■ **Your assignment**
Beginning with the line that holds "Bridesmaids in matching white dresses", output every remaining line of the material below exactly, and include none of the pictures.

■ **Stored data**
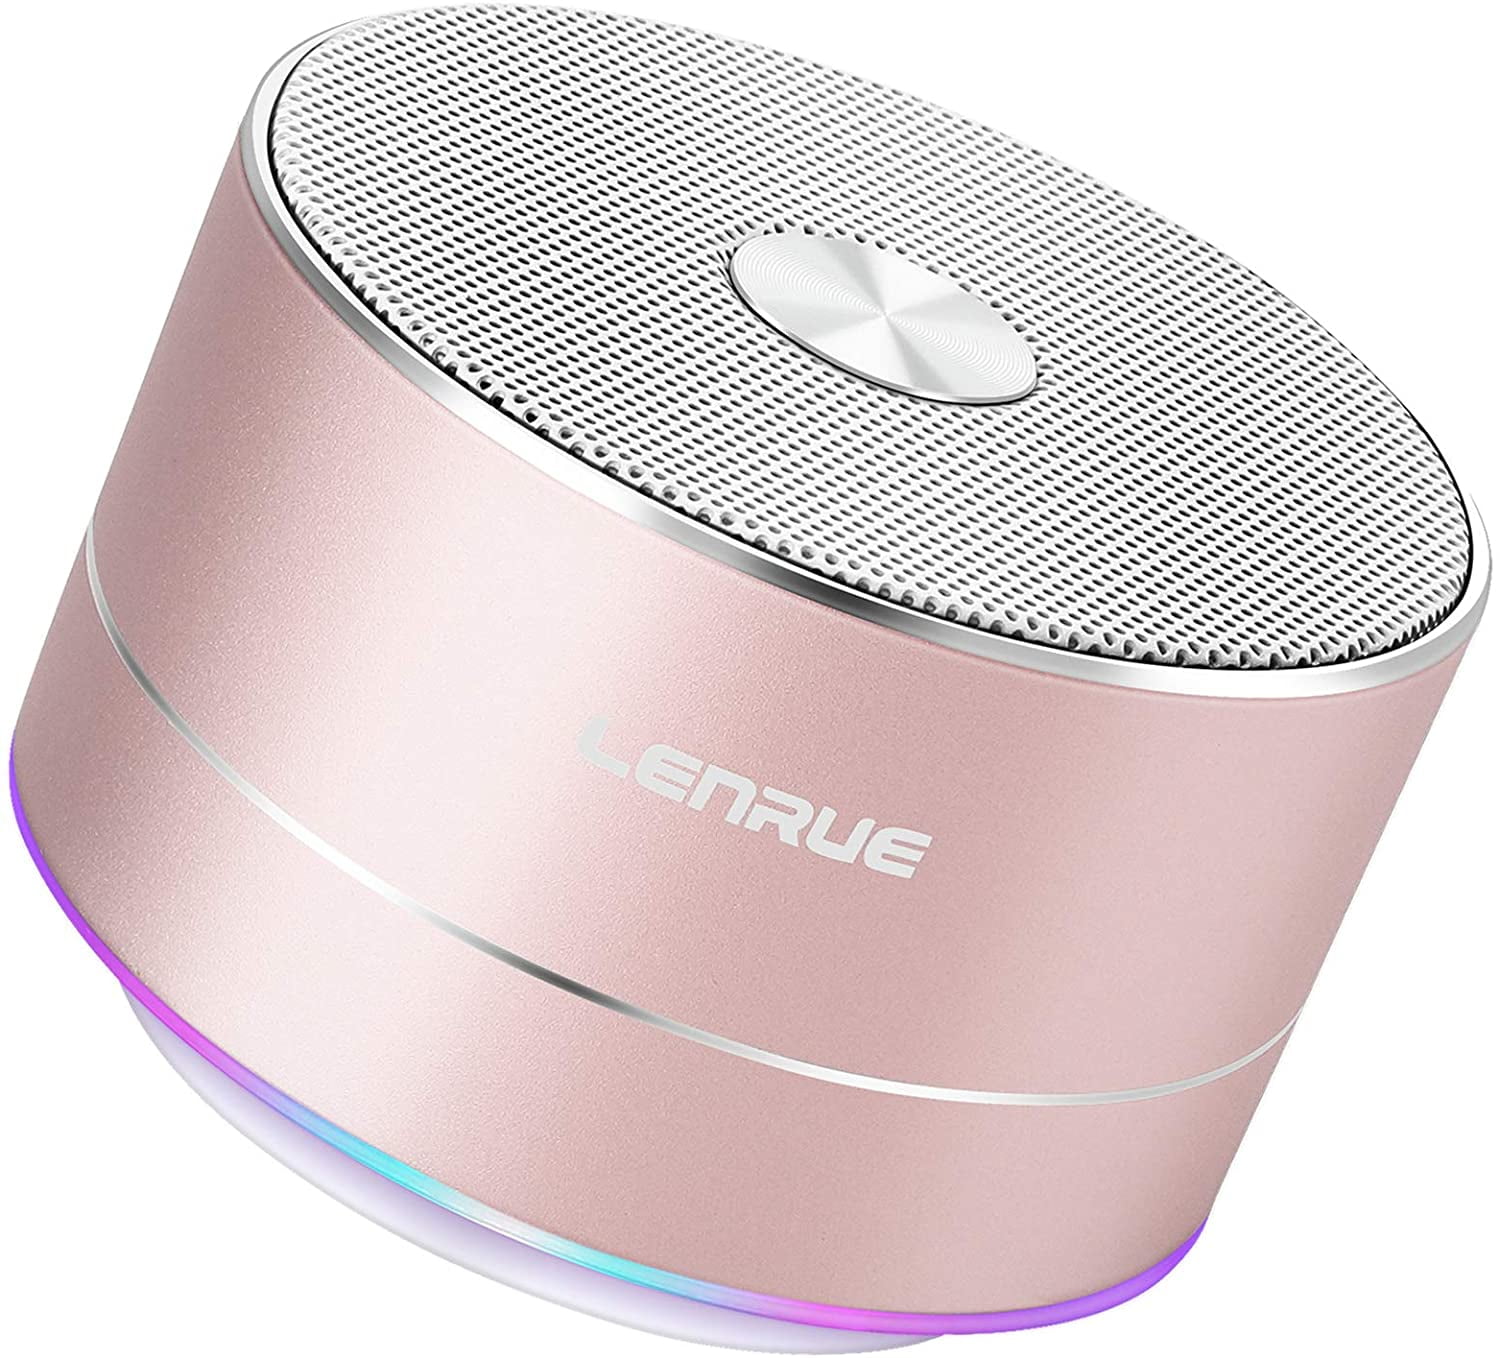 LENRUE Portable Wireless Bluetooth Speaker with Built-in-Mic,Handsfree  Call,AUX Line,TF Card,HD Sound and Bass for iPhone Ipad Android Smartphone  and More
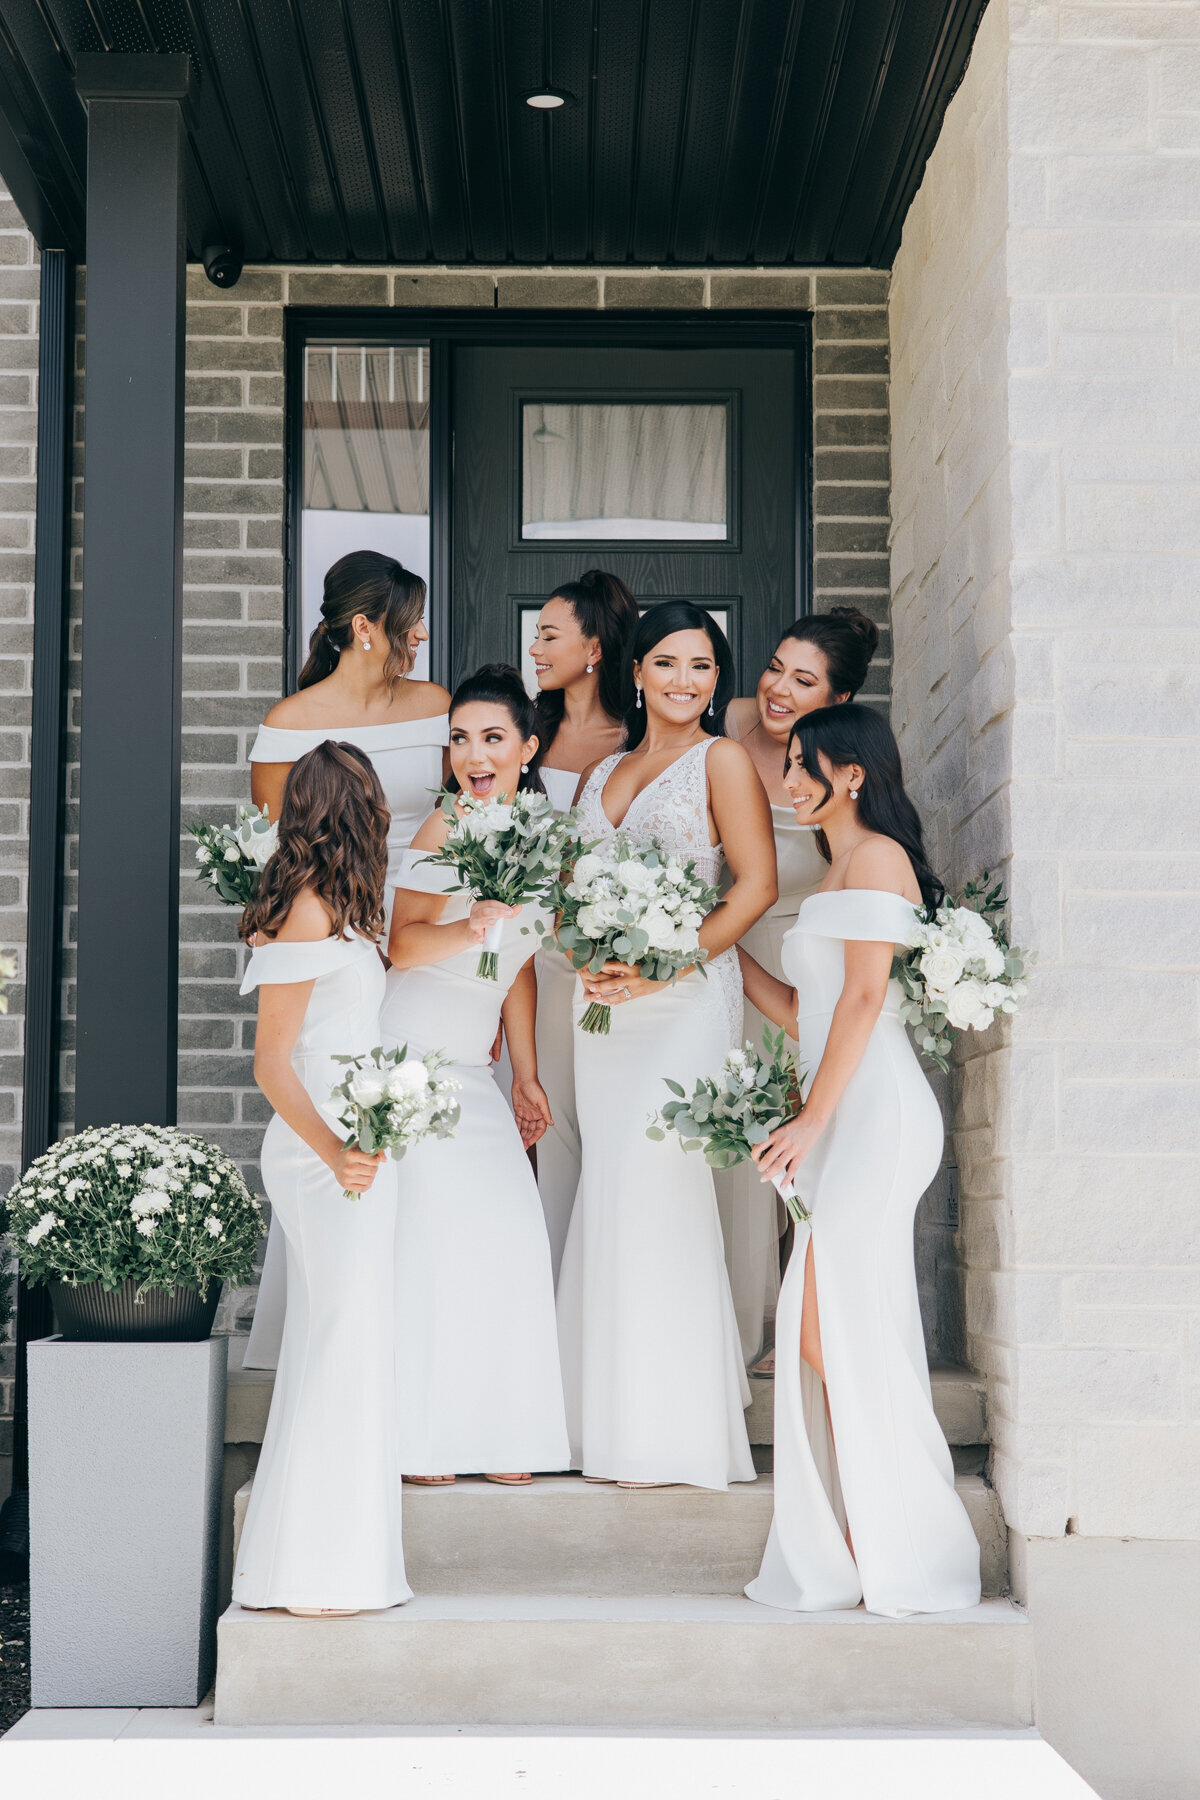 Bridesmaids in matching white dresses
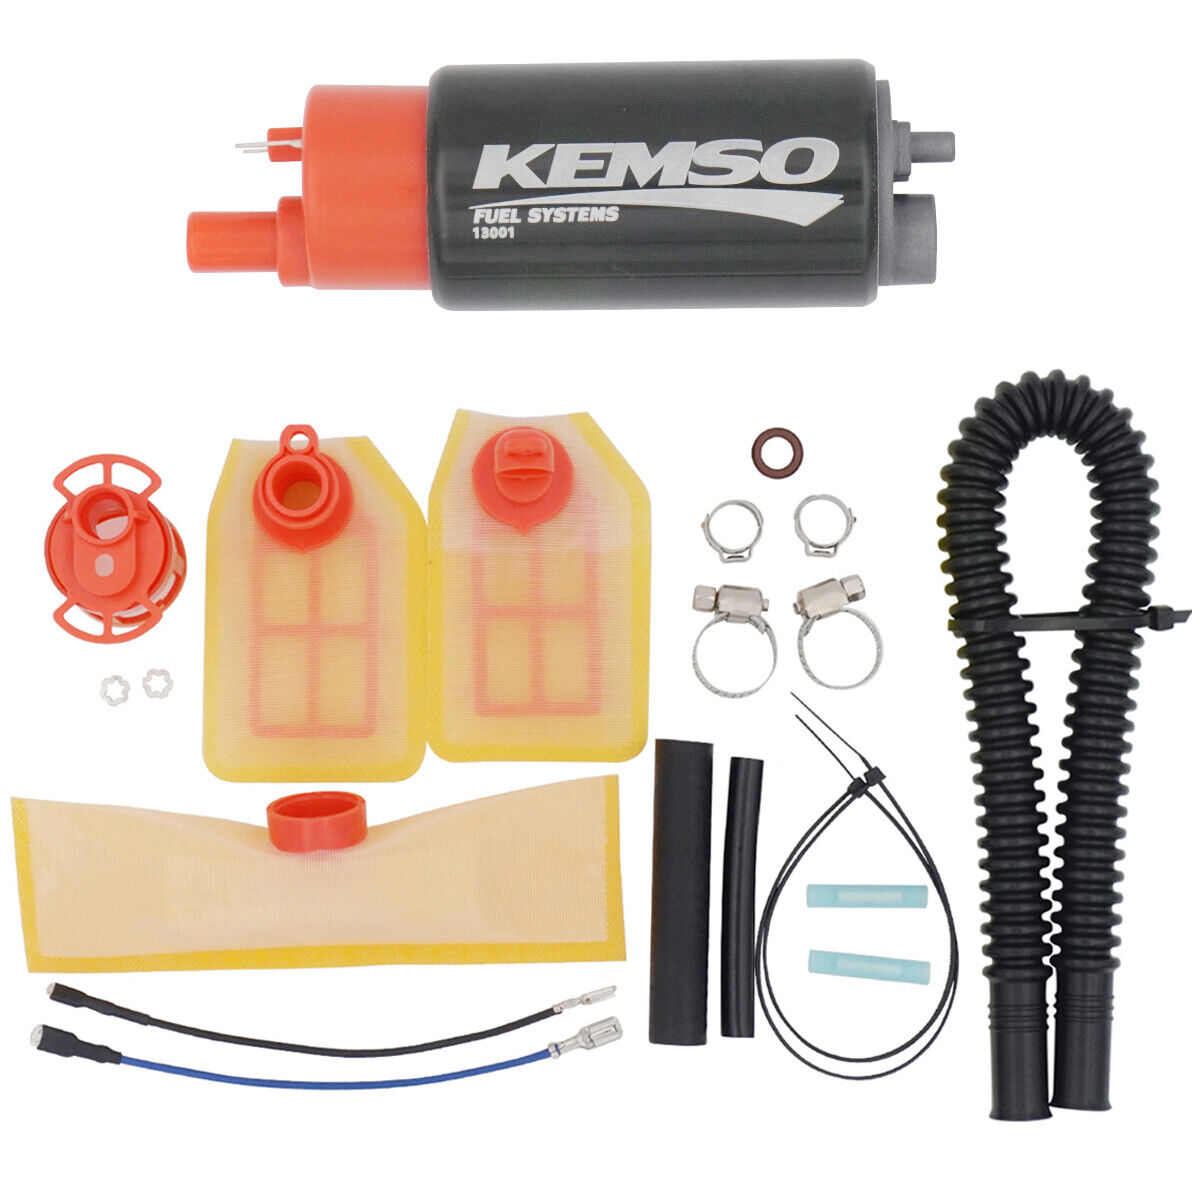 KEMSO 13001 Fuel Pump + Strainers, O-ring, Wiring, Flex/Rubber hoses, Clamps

■ **Solved problem**
 Bridesmaids in matching white dresses
 KEMSO 13001 Fuel Pump + Strainers, O-ring, Wiring, Flex/Rubber hoses, Clamps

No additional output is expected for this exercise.